My Mom was awesome at getting all over the course to support me, but it wasn’t helping my physical state. My words to her at 21ish were “everything just hurts.” It did. I tried to focus on body parts that didn’t hurt, but that just pointed out how even things like my nose hurt with the wind and rain. Oddly, my muscles were feeling as good as could be expected, but all my joints hurt. The tip of my toes hurt, my feet ached, kneecaps were screaming, hips throbbing, ribs and shoulders were tight, and my nose, even the tip of my nose, had a stinging sensation.
At this point my running slowed to 9:30 and that was a struggle. I knew BQ was out of the question. Finishing was going to be hard enough, and I HAD to finish so I could wear the shirt. It is a cool shirt! Haha!

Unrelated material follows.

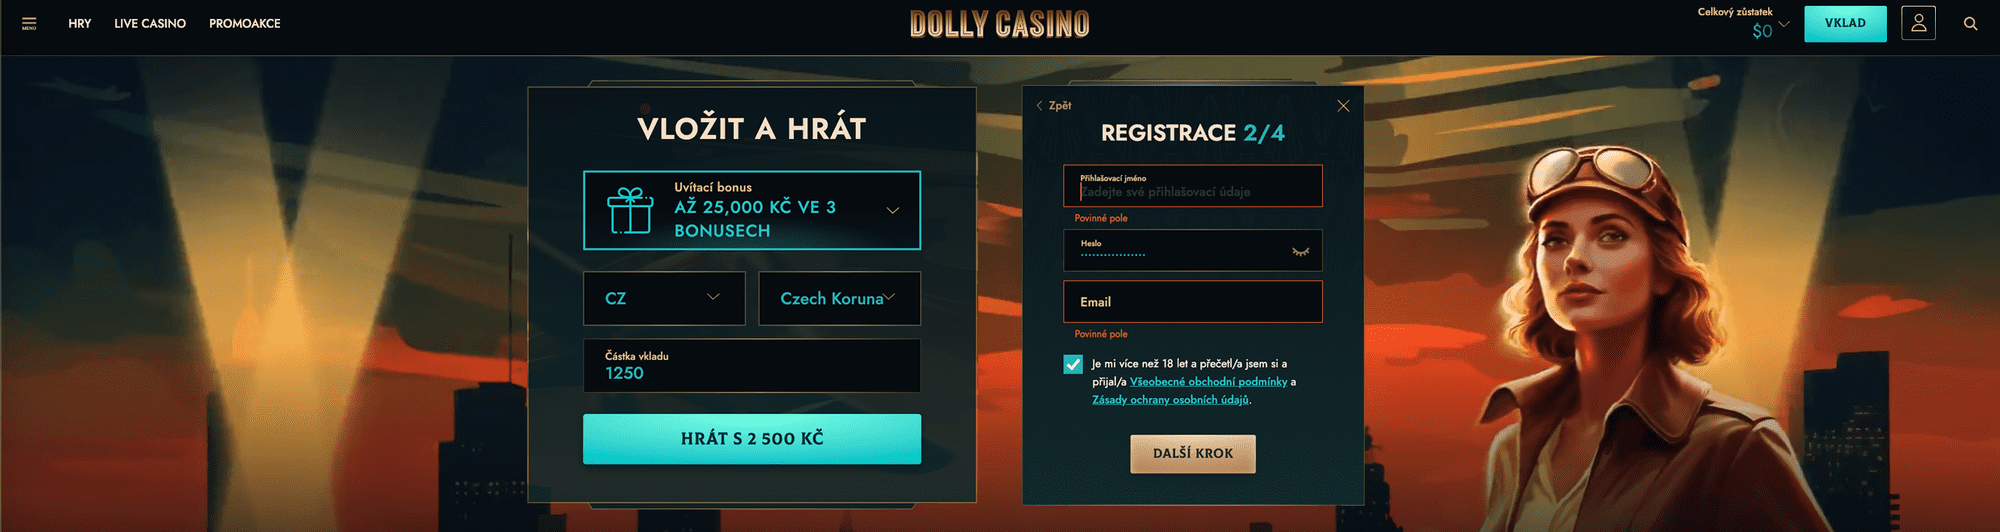 Registrace na webových stránkách Dolly Casino

At 22 I was done. Completely done, and thirsty. I was drinking every water stop, but I was thirsty, which I’ve never felt before while running. I focused on running to the next water stop. Then I was going to walk and enjoy Every. Last. Drop. of the Powerade and water! I did just that! BUT oh, walking hurt too, and differently. It accentuated the hip pain but helped with the rib pain. Whatever, I had to pick up some form of run, or it would take forever to finish and I was getting cold. (I put my sleeves back up – Yay sleeves – I do love those things). So, I shuffled along at an 11:00 pace, but would get a disconcerting pain under my ribs and I was also making some horrible grunting noises. Since my time was shot already, I’d just walk every time that pain would start and pick up a shuffle when it went away. Miles 22-26 were between 10:30 and 12:45 pace. To be honest, I felt so bad, I didn’t even notice how windy and rainy it was until after I finished, so I doubt that impacted my race too much.
To sum up how I felt in those last 4 miles… The 3:50 pacer passed me with 100 yards to go, right where DH and DD were cheering and said, “you can’t let me pass you now in front of the kid,” and I just yelled back, “sure I can!” and I did. BUT I still finished under 3:50 and I was 5th out of 71 in my age group and 25th woman overall, which I believe indicates the tough conditions of the day. Today, I am proudly wearing my “finisher” shirt as, even though my time wasn’t what I hoped, I am proud of my effort and that I put it all out on the course yesterday. Plus, I can say I finished a marathon in the remnants of a tropical storm! Oh, just as a kicker, today the weather is absolutely gorgeous!
Race day thoughts: “I’m happy I did not qualify for Boston – I’m never racing a marathon again.”
Day after race day thoughts: “This race would count as a good long training run…I wonder what local marathons there are at the end of November? Maybe I could run Philly better…” Contemplating it at least! 😊
Lessons learned: Marathons are a special form of hard and you can’t underestimate them. Only racing a marathon can show you what racing a marathon is like (kind of like only childbirth can prepare you for what childbirth is like– and that is the only comparison that can be made between those two things). I don’t think a perfectly flat course worked for me. The only inclines were before mile 5 and I think the complete flatness contributed to the joint pain. There was no variation on what was being impacted with EVERY step. Don’t wear shoes that do not fit perfectly – duh – stupid rookie mistake for someone that is not a rookie. Practice fueling – my fueling while running was pretty much non-existent, which probably contributed to that wall-smack.
Not what I hoped for, nor what I expected, but a finished marathon is a good marathon (since although in some pain today, I believe nothing is injured)!